Oct. 24 (Bloomberg) -- Israeli credit risk is improving while sentiment in the largest emerging markets deteriorates, highlighting the nation’s resistance to regional upheaval and Federal Reserve policy shifts.
Israel’s credit default swaps have fallen 23 basis points, or 0.23 percentage point, this year to 113 today, while contracts for Turkey, Brazil, Russia, India and China all increased as prospects for reduced stimulus triggered an outflow from developing markets. Turkey’s swaps have climbed 54 basis points this year to 181.
The start of natural gas production this year has boosted sentiment toward the nation as it spurs gains in the shekel and strengthens government finances. Investors have also looked past the worsening security environment among Israel’s neighbors. Since May, the civil war in Syria has intensified, with the use of chemical weapons threatening to internationalize the conflict. Political turmoil has also deepened in Egypt, where the army’s takeover in July led to escalating violence.
“The periodic geopolitical crises in the region don’t have significant influence on either Israeli markets or the government’s ability to manage the economy,” said Ori Greenfeld, chief economist at Clal Finance Investment Management Ltd. in Tel Aviv.

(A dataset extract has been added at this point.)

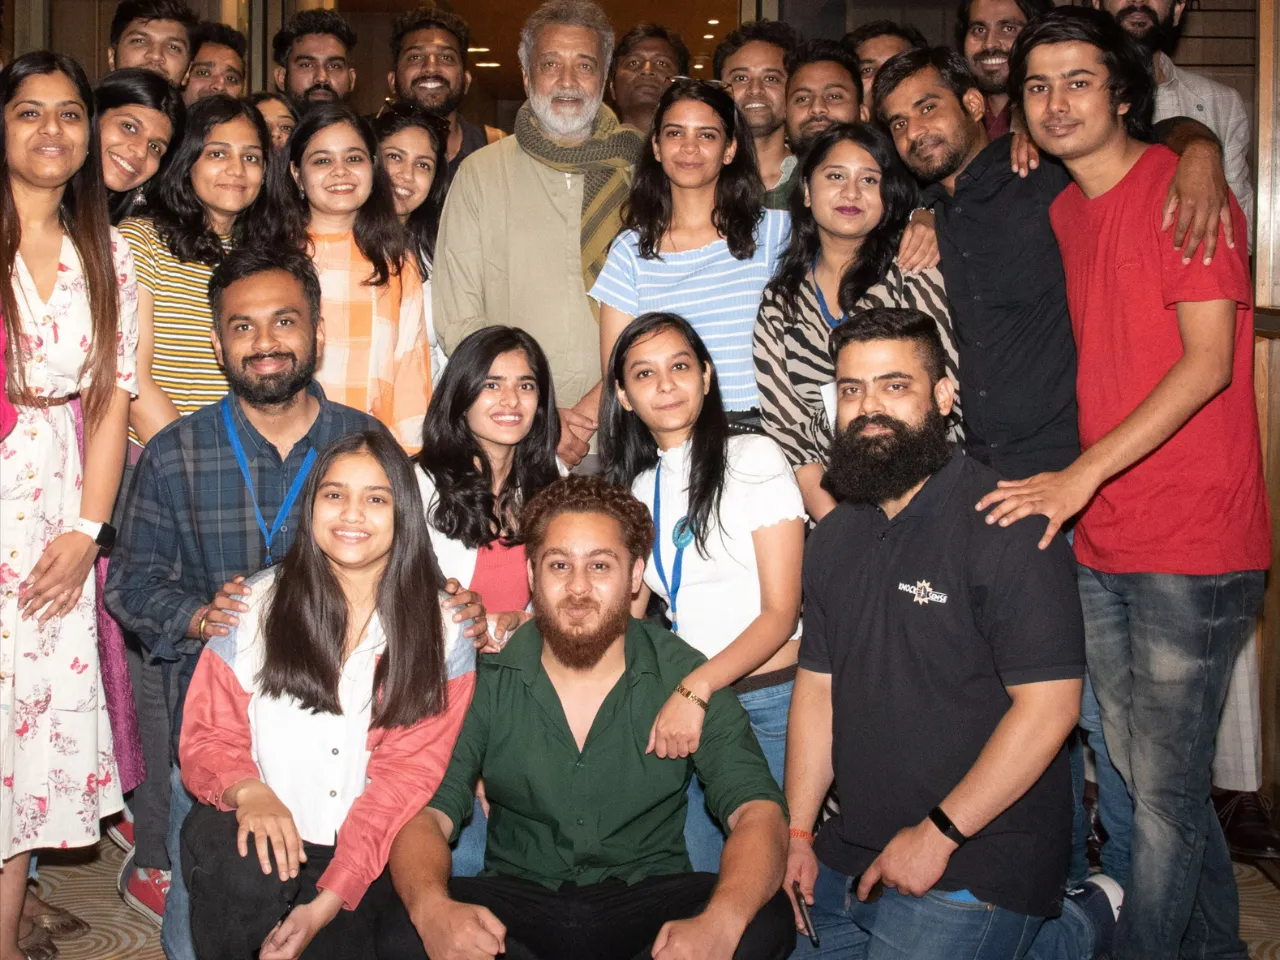 Hyperlocal content commerce startup Knocksense raises $1M in pre-Series A funding
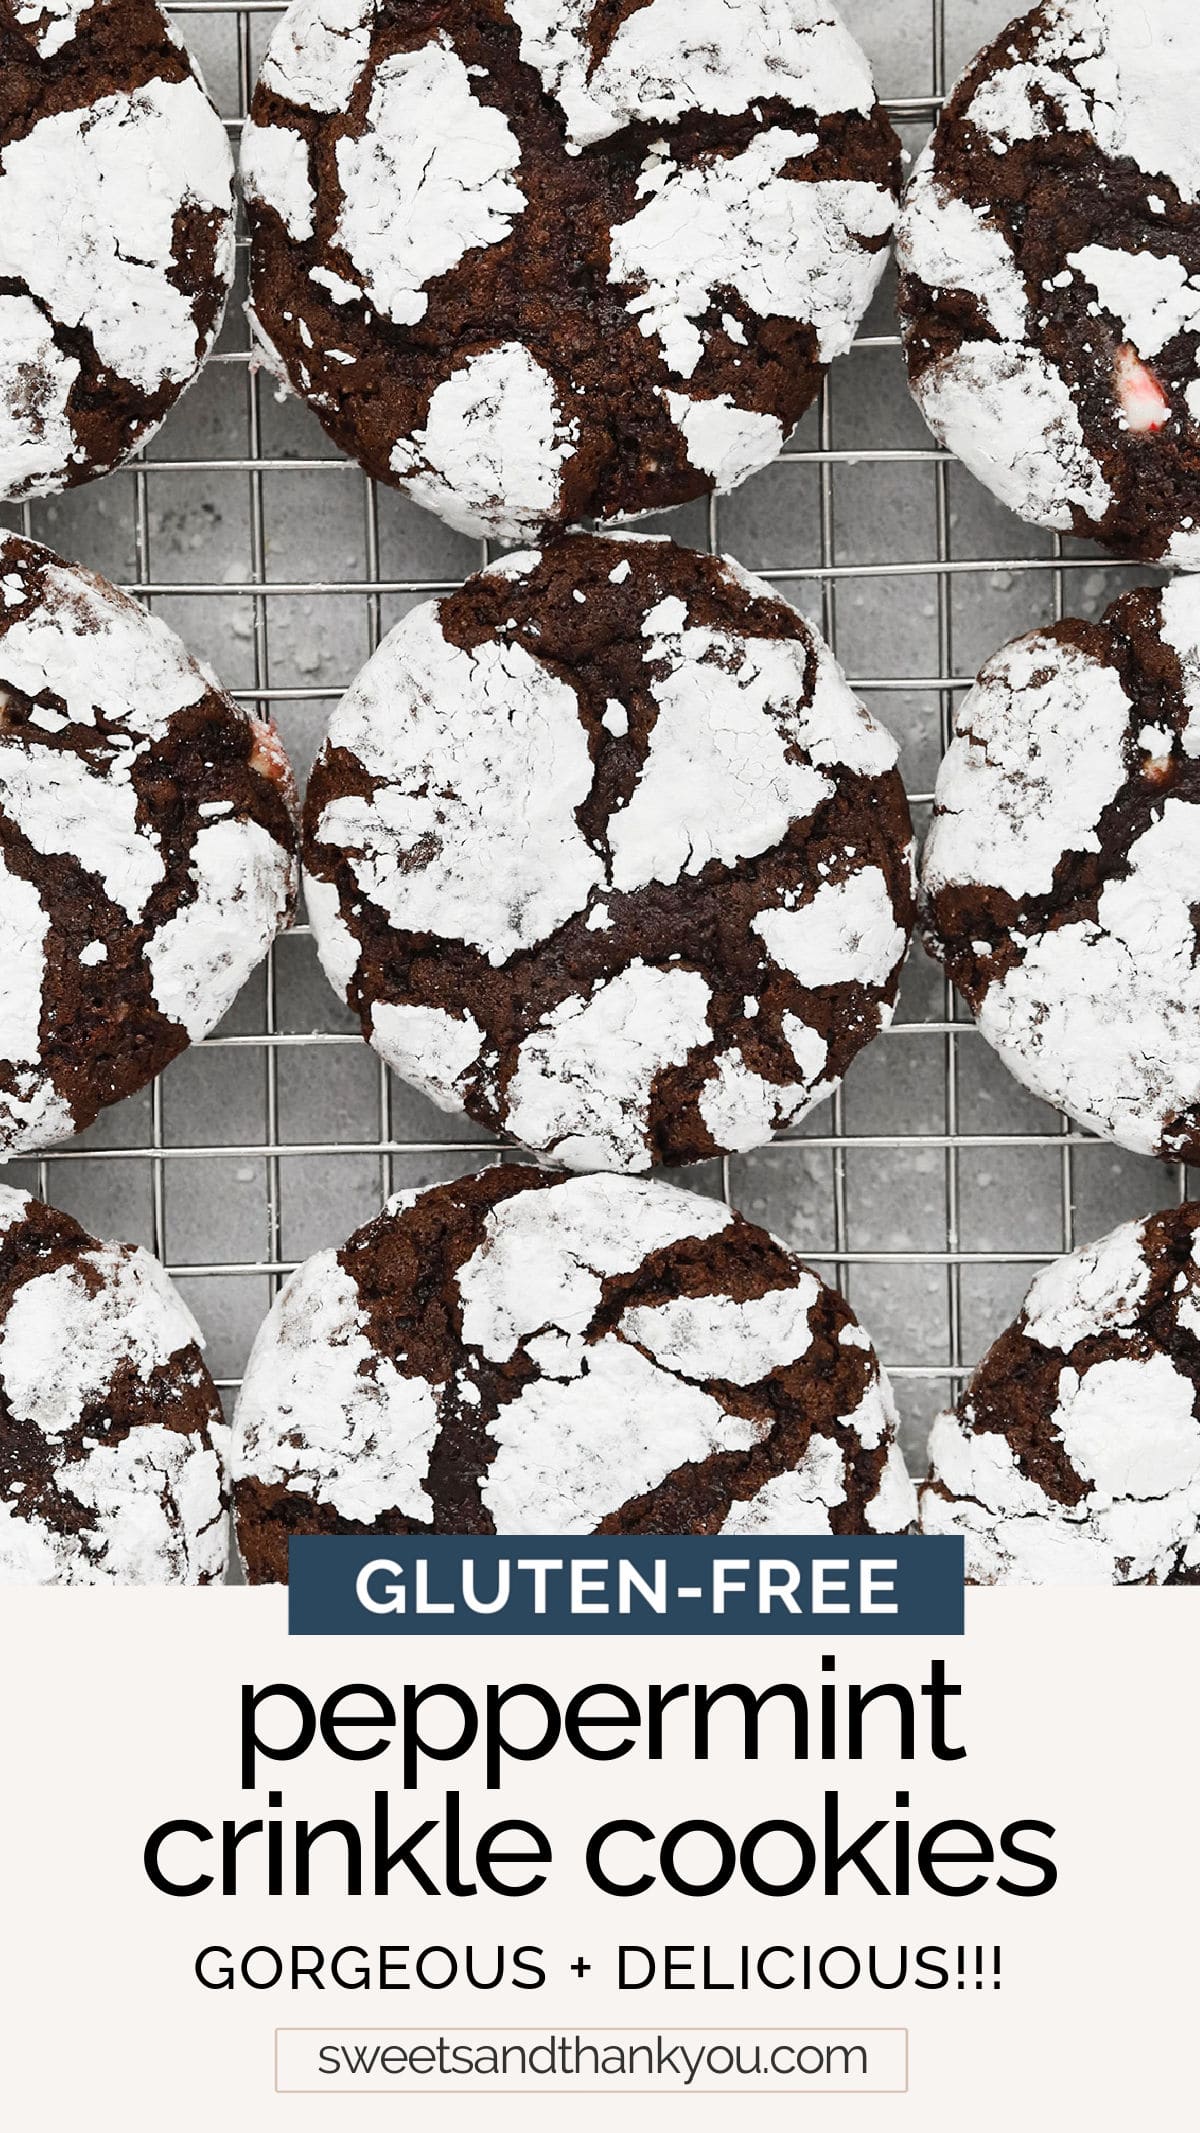 Gluten-Free Peppermint Chocolate Crinkle Cookies - Take best gluten-free chocolate crinkle cookies & give them a minty twist for the holidays! // gluten-free holiday cookies // gluten free peppermint crinkles // gluten free crinkles // gluten-free chocolate cookies

Israel’s main stock index has added 15 percent in dollar terms this year, while the MSCI Emerging Markets benchmark dropped 2 percent.
‘Prosperous and Diverse’
The shekel has been the biggest gainer among 31 major currencies tracked by Bloomberg this year, rising 5.9 percent against the dollar. Its strength has been driven by the start of gas output off Israel’s Mediterranean coast, which is poised to turn the country into an energy exporter.
Finance Minister Yair Lapid said today he will work with designated Bank of Israel Governor Karnit Flug to weaken the shekel.
Israel’s economy is “prosperous and diverse,” and the gas output will strengthen its external finances, Standard & Poor’s said last month, affirming its A+ debt rating, the fifth-highest grade. The International Monetary Fund forecasts growth of 3.8 percent this year and 3.3 percent in 2014.
Credit default swaps in Estonia and the Czech Republic, which Standard & Poor’s rates AA-, one level higher than Israel, had climbed six and nine basis points respectively by yesterday since Fed Chairman Ben S. Bernanke’s May 22 comments on stimulus. Israel’s swaps fell five basis points in the period.
Energy-importing countries such as India and Turkey have been among the worst-hit in the emerging-market decline prompted by Bernanke’s comments.
Credit-default swaps for the State Bank of India, a proxy for the sovereign, have climbed by almost two thirds since May 22 to 285 basis points, while the rupee slid about 10 percent. In Turkey, swaps jumped by about 50 percent and the currency dropped about 6 percent, while the contracts also increased for Brazil, Russia and China. Rising credit-default swap prices signal a deterioration in investor sentiment.
Israel’s credit risk has been shielded from the global concerns over a Fed reversal “because investors believe the shekel will keep appreciating due to the new natural gas finds, Israel’s strong current-account surplus, and the about $80 billion in foreign currency reserves held by the Bank of Israel,” said Ofer Klein, head of economics and research at Harel Insurance & Financial Services.
Israel had a current-account surplus of $1.79 billion in the second quarter. Income from gas production may add as much as $3 billion this year, and for every $1 billion increase the shekel gains about 1 percent, according to the Bank of Israel.
The IMF predicts an Israeli surplus of 3 percent of GDP next year, compared with deficits of 3.8 percent in India and 7.2 percent in Turkey
Regional political risks did push Israeli credit-default swaps higher in August and early September, narrowing the gap with other emerging markets. They reached a 2013 high of 147 basis points on Sept. 5, as the U.S. weighed military action against Syria’s government.
Since Sept. 9, when President Barack Obama welcomed a Russian proposal for averting the use of force, the swaps have dropped 37 basis points as of yesterday.
The prospect of Israeli strikes against Iran, aimed at stopping the country’s nuclear program, has also receded as the U.S. and allies step up talks with the Islamic republic after its new president, Hassan Rouhani, said he’s ready for a deal.
That’s a risk that may return, said Elliot Hentov, the primary analyst for S&P’s Israel report, in a phone interview. “If this diplomatic initiative fails, the proponents for military action will become stronger, and 12 months from now we could be seeing a very different picture.”
For now, “Israel is like an island in the ocean with all sorts of storms raging around it,” Hentov said. “Most of its adversaries are busy with other priorities, thus deflecting much of its risk.”